The Birth of Moses (2:1-2)
Moses is born at a time when newborn Hebrew babies were to be thrown into the Nile to drown. He was a handsome boy, and his mother hid him for three months until she could no longer. How many baby boys went into the Nile we are not told.
The Parents of Moses (2:1-2)
The command from Pharaoh now is to throw the Hebrew infants in the Nile and reduce them to water. This has the potential of the flood in Genesis to destroy Israel as a nation and the end of the world for them. The miracles are very similar to the story of Noah. There is on person who is saved from this catastrophe and that is Moses.

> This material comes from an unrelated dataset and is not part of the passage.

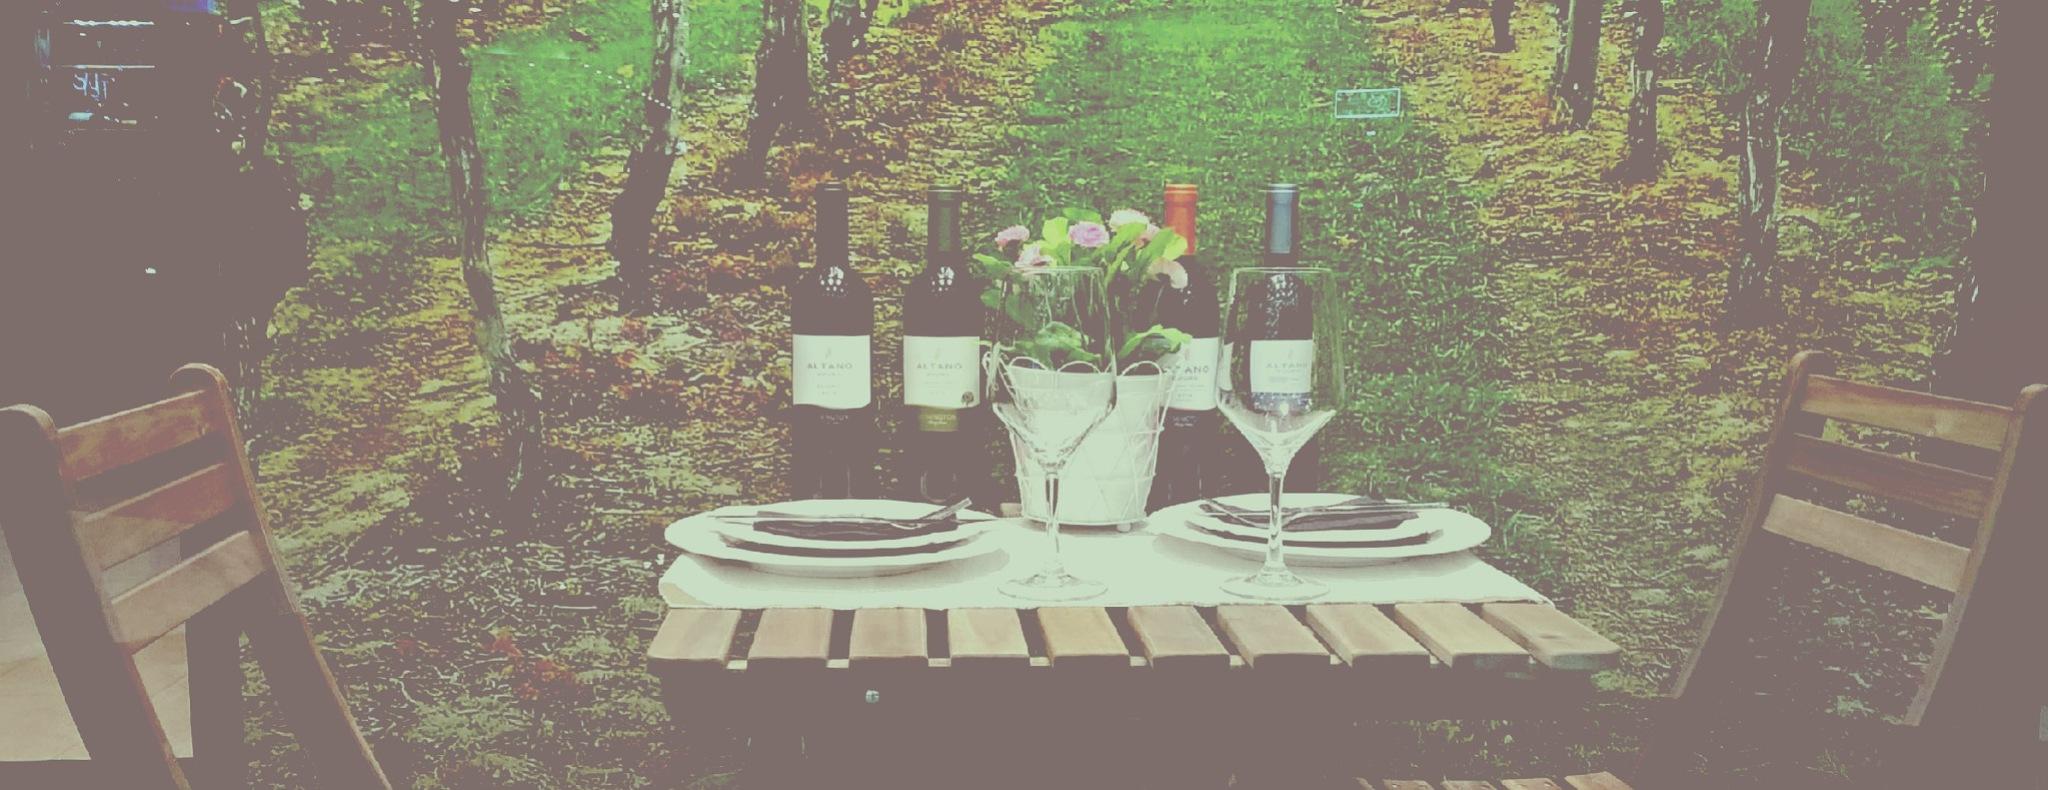 First date by Krasi Asenov

The descendants of Cain created these great cities which became wicked, violent, and dangerous for the people which leads to a catastrophic event leading to the survival of one person (Noah) and his immediate family. This story of Moses is a mini version of this.
The parents of Moses are mentioned but there is nothing outwardly special about them. Like Jesus it is a lowly birth. Moses was their youngest son. They had the courage to hide Moses for three months from those who sought to kill the male Hebrew newborns.
Moses on the Water (2:3-4)
The “basket” is essentially a “little boat”. It is the same word used for Noah’s Ark. It was designed to float in the water. Like the flood this is saving the word again. It is a feminine image as the Ark is like a box/womb that protects the world and carries the seed of the man in her body and transitions it into the new world as the child is born. Moses will be allied with water throughout the narrative. While Pharoah and Egypt will be allied with stone. Stone seems permanent and immovable, but it is brittle, hard, and lifeless. Water can eventually wear down stone.
Moses through the power of God can master water and transformation in the text. However, water is his undoing when he hits the rock and misuses his relationship with water. Moses is the master of chaos (water) and Pharoah is the master of order (stone). It is Pharoah’s overuse of order that makes him into a tyrant.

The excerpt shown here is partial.